There are two configuration options:

  • timeout - The maximum timeout to wait for running a source, defaults to 1s more than the maximum timeout of all added sources. Set with care, timeouts should really only be set on sources.
  • get_policy - This configures how the dataloader will behave when fetching data which may have errored when we tried to load it.

These can be set as part of the new/1 call. So, for example, to configure a dataloader that returns nil on error with a 5s timeout:

loader =
  Dataloader.new(
    get_policy: :return_nil_on_error,
    timeout: :timer.seconds(5)
  )

get_policy

There are three implemented behaviours for this:

  • raise_on_error (default)- If successful, calling get/4 or get_many/4 will return the value. If there was an exception when trying to load any of the data, it will raise that exception
  • return_nil_on_error - Behaves similar to raise_on_error but will just return nil instead of raising. It will still log errors
  • tuples - This will return {:ok, value}/{:error, reason} tuples depending on a successful or failed load, allowing for more fine-grained error handling if required

Summary

Functions

This is a helper method to run a set of async tasks in a separate supervision tree which

Create a new Dataloader instance.

This used to be used by both the Dataloader module for running multiple source queries concurrently, and the KV and Ecto sources to actually run separate batch fetches (e.g. for Posts and Users at the same time).

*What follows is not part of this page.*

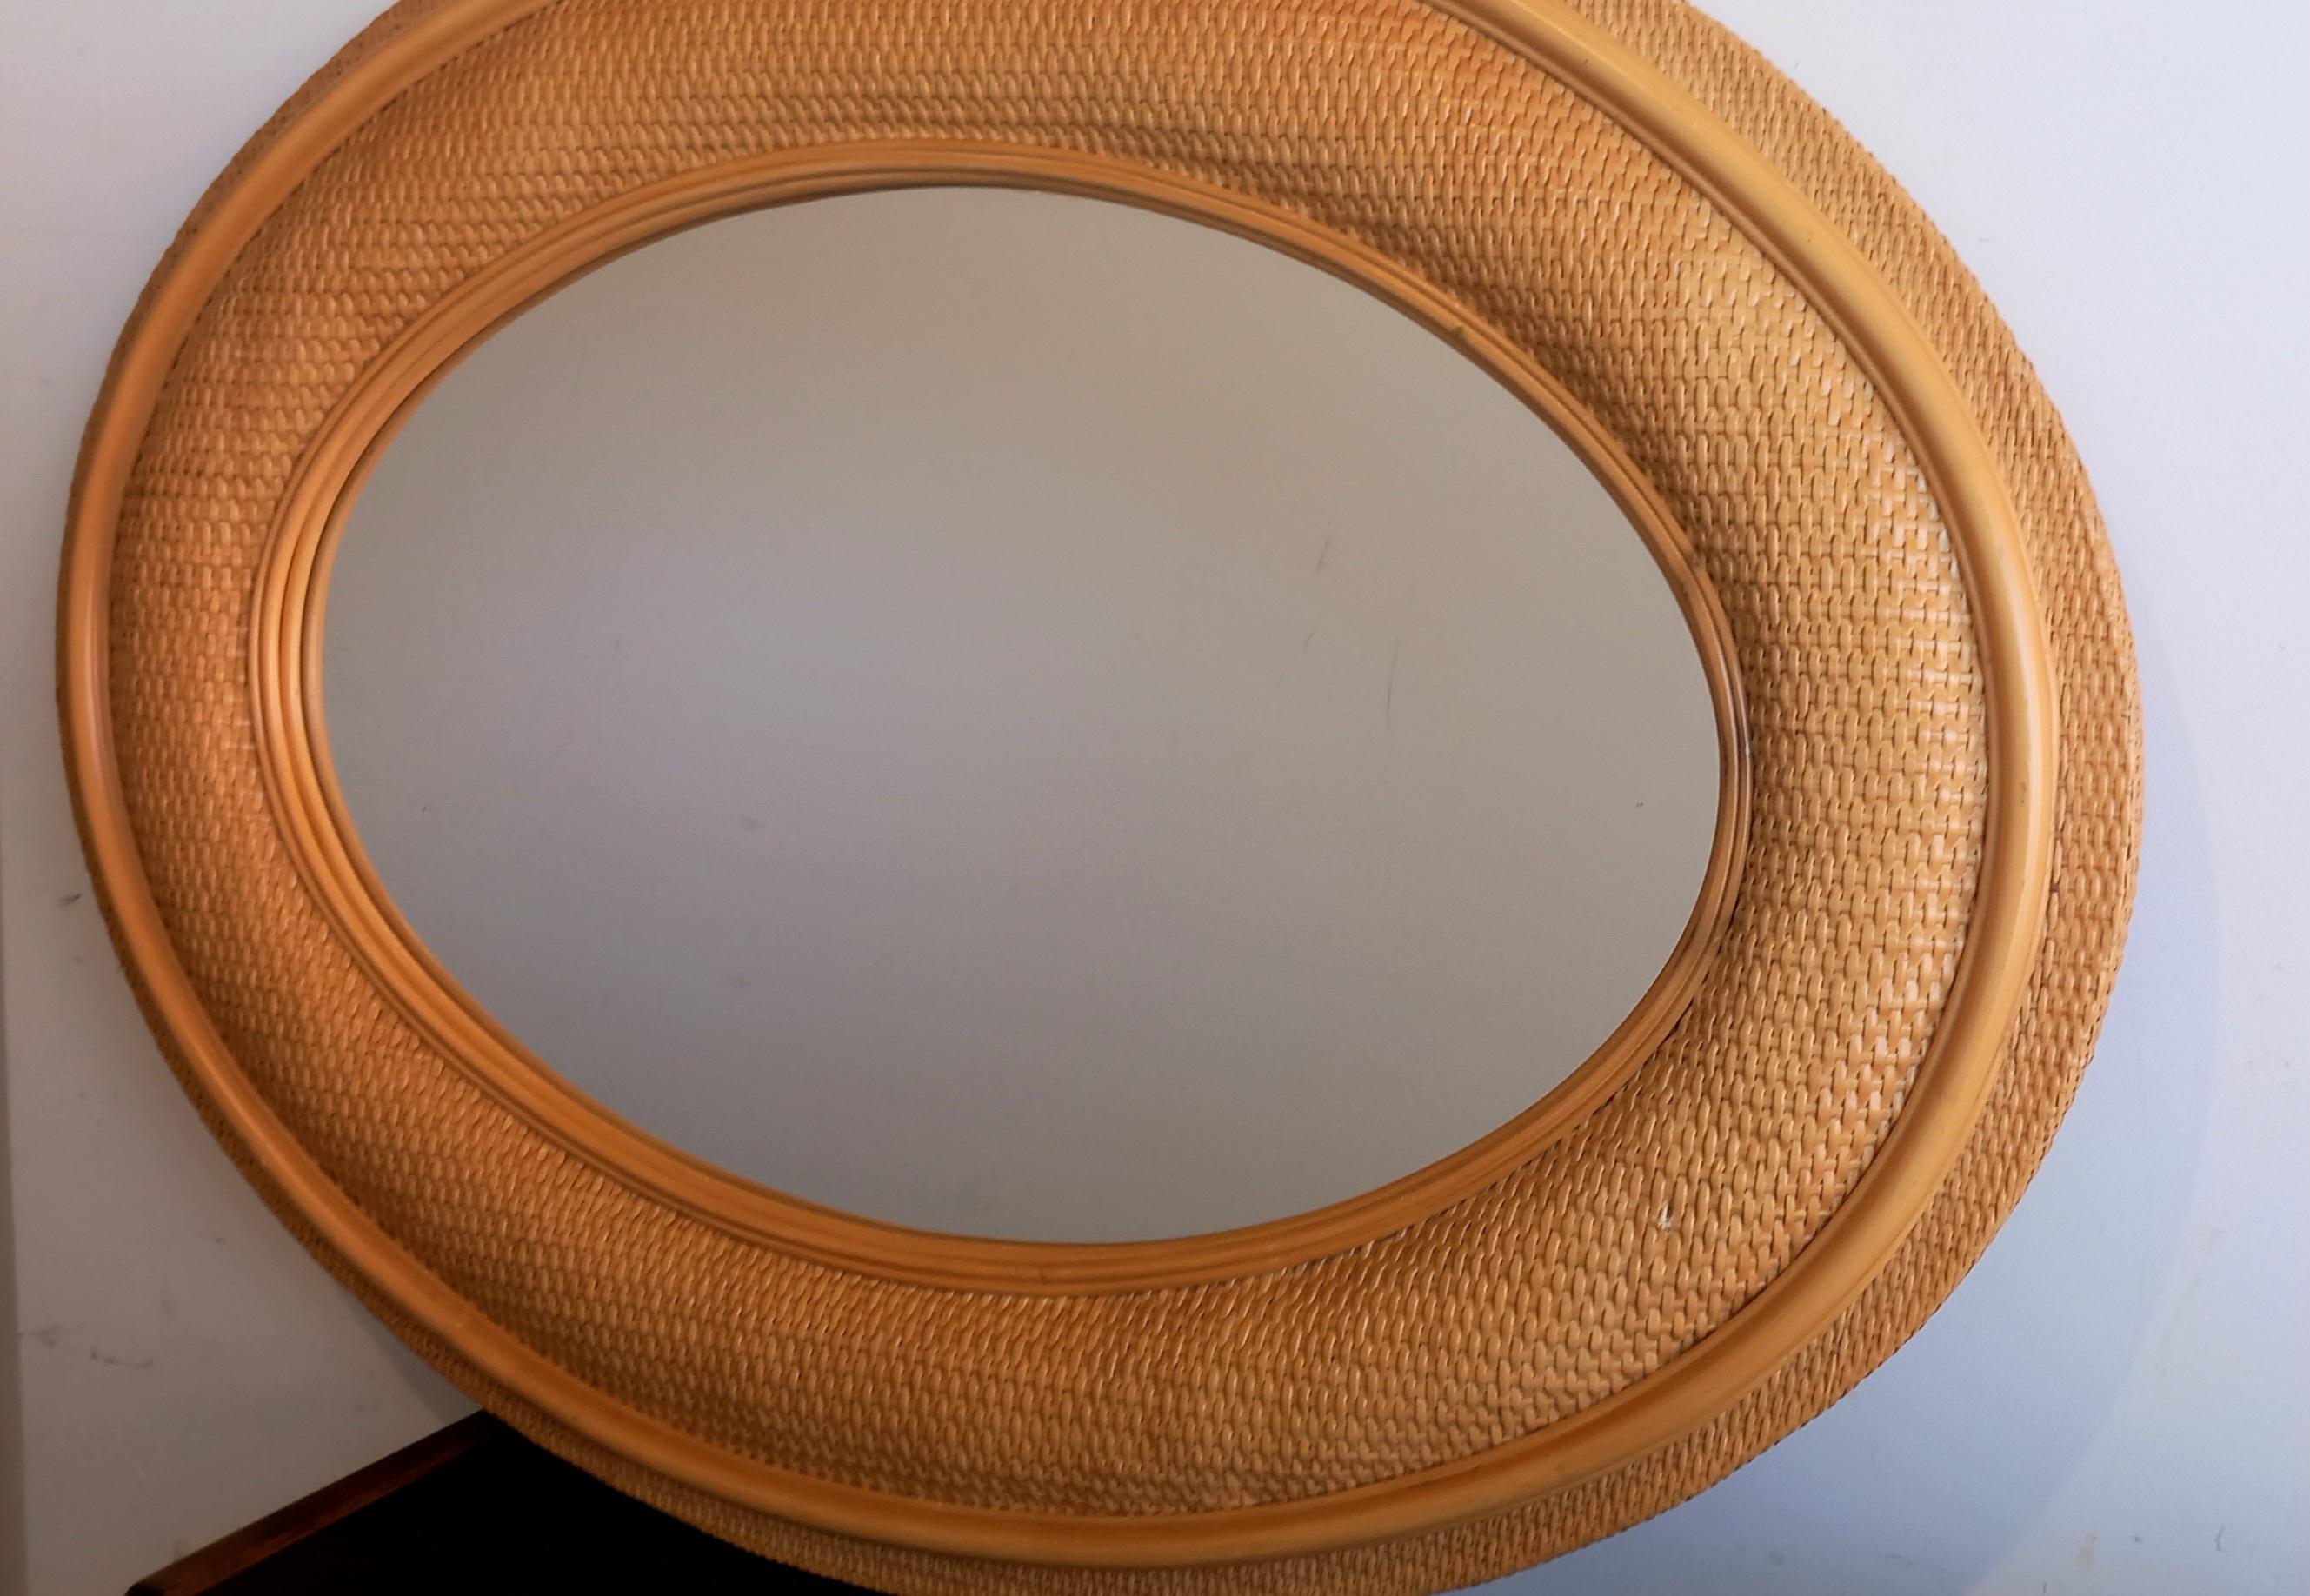 Mirrors Rattan Rare Extra Large Oval  Mid-20th  Century  Vertical or Horizontal  For Sale 9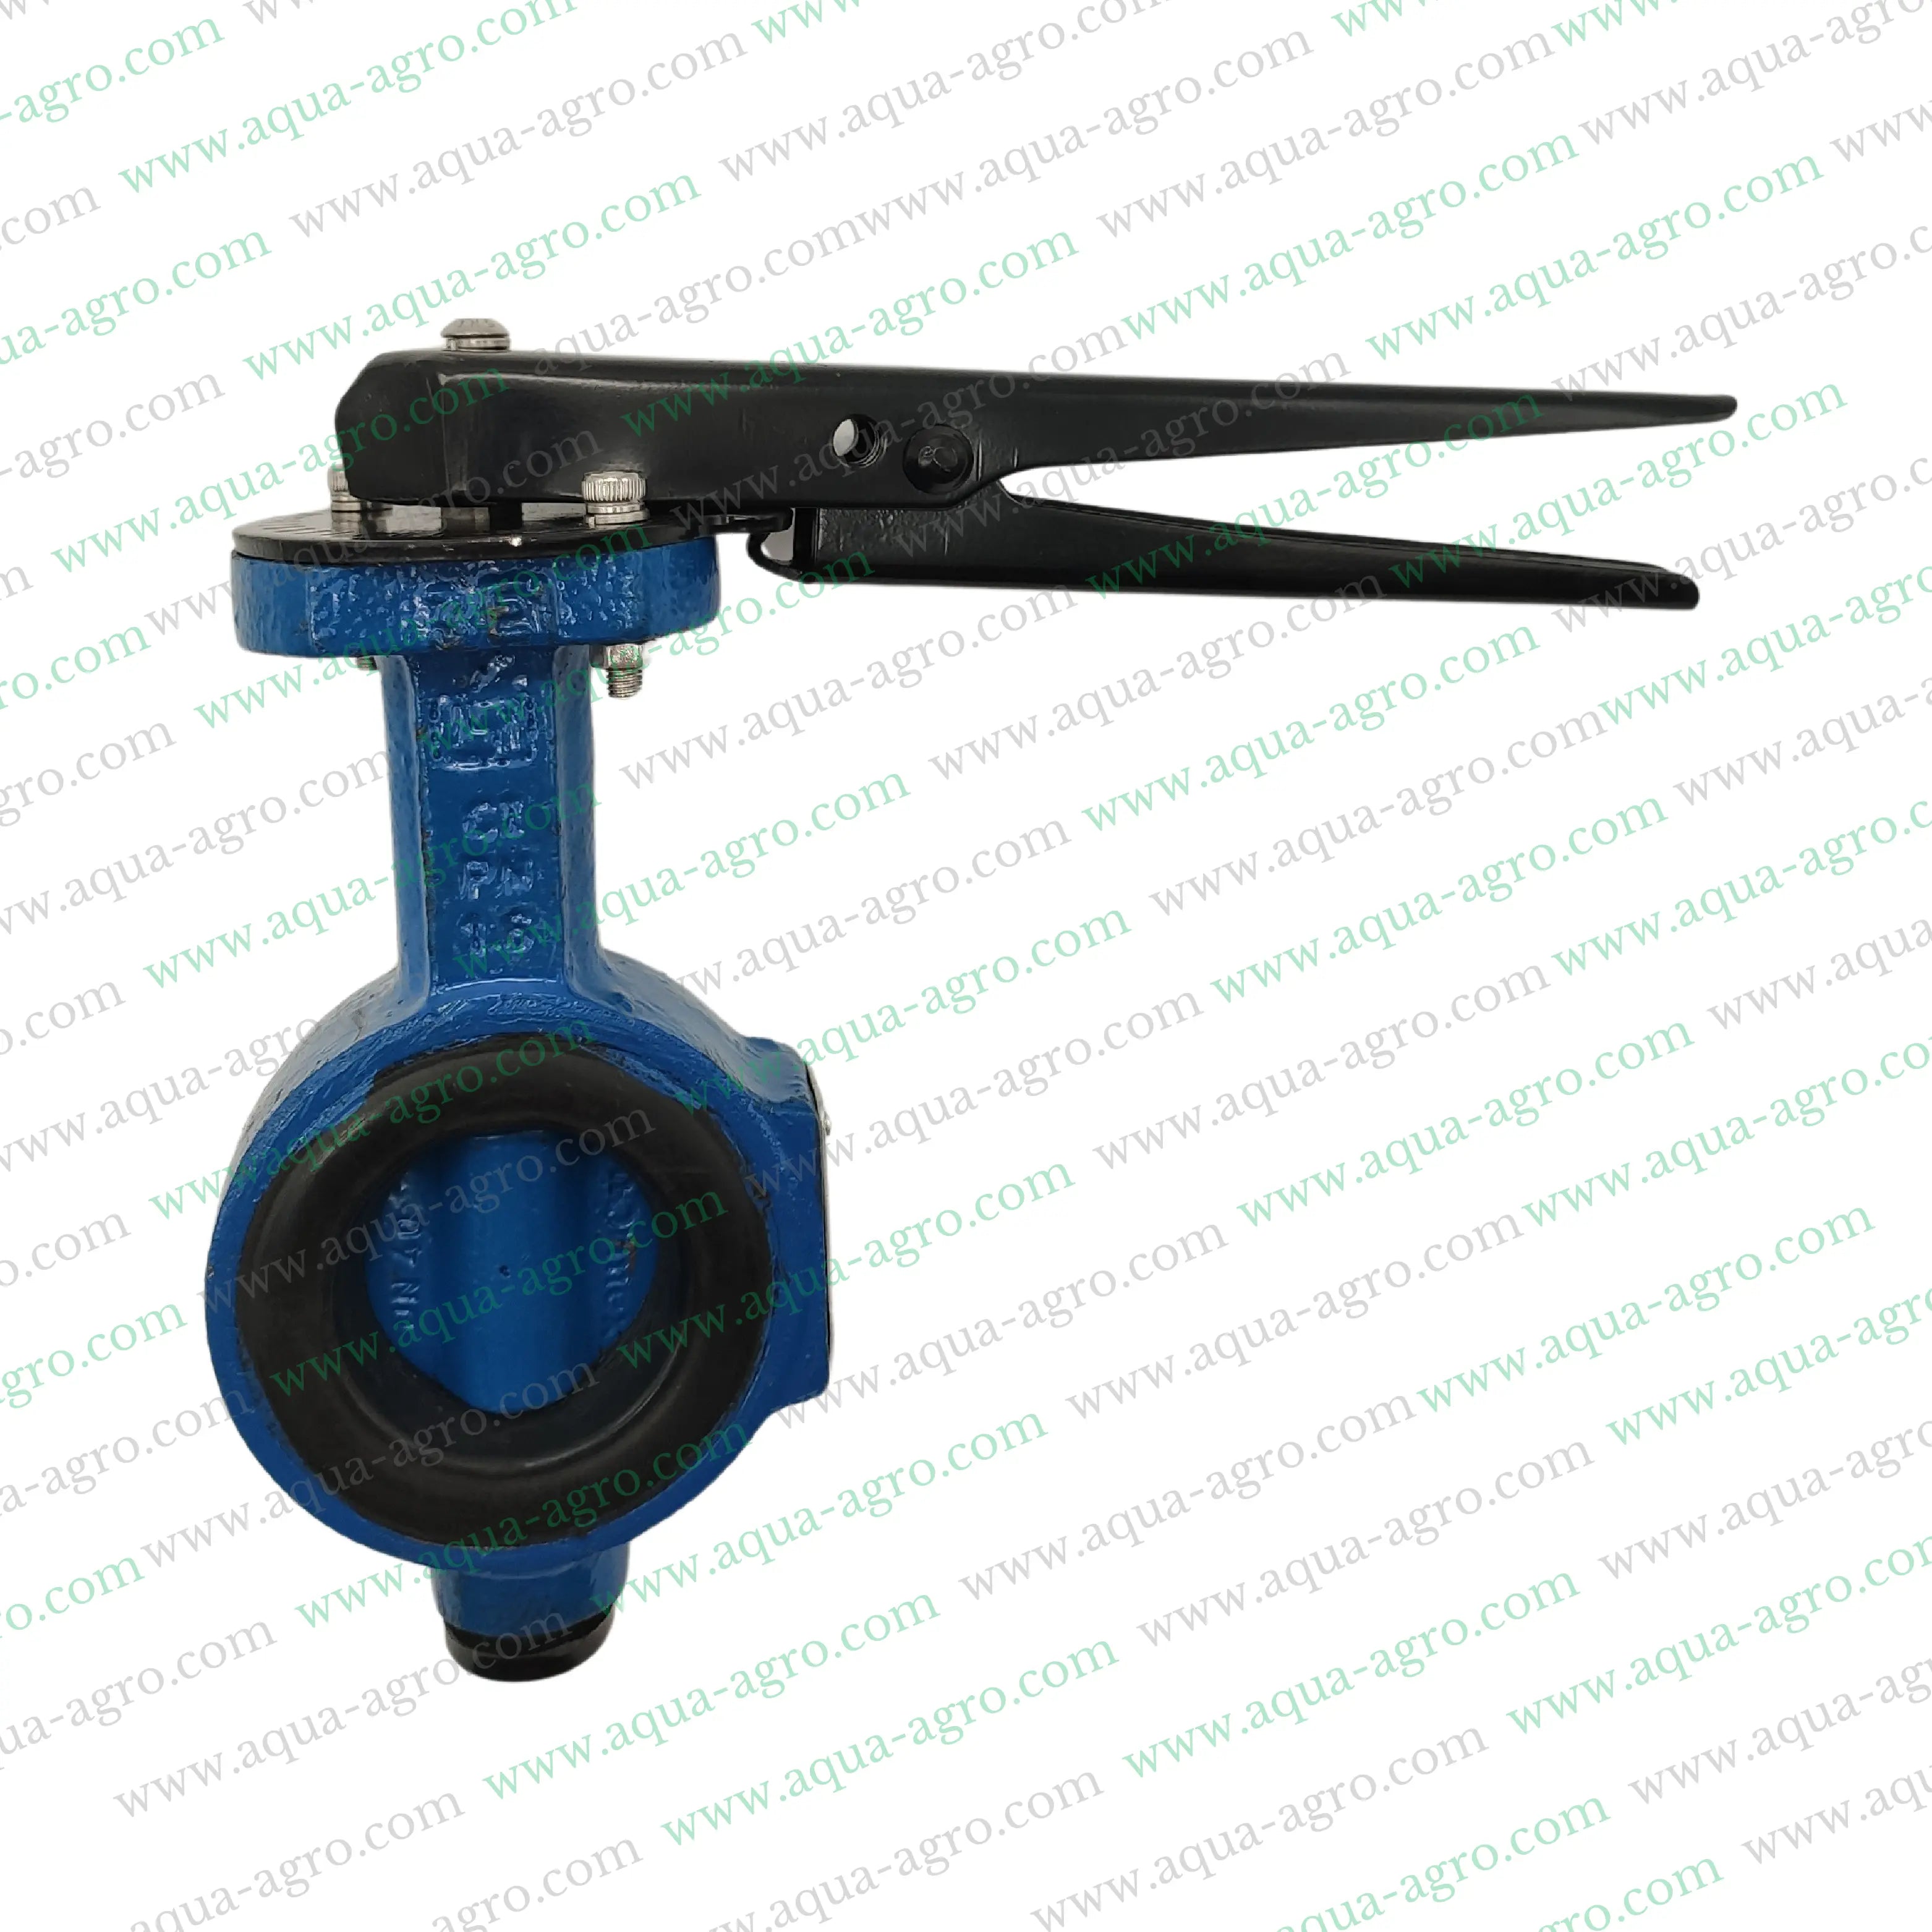 NORMEX | Valves - Butterfly Valves - Metal - C.I Body with SG Metal disc - 1.5" (40mm)

This helper function will call fun on all items asynchronously, returning a map of :ok/:error tuples, keyed off the items. For example

Types

option()

@type option() :: {:timeout, pos_integer()} | {:get_policy, atom()}

source_name()

@type source_name() :: any()

t()

@type t() :: %Dataloader{
  options: [option()],
  sources: %{required(source_name()) => Dataloader.Source.t()}
}

Functions

add_source(loader, name, source)

@spec add_source(t(), source_name(), Dataloader.Source.t()) :: t()

async(fun)

@spec async((-> any())) :: Task.t()

See OpentelemetryProcessPropagator.Task.async/1.

async_safely(mod, fun, args \\ [], opts \\ [])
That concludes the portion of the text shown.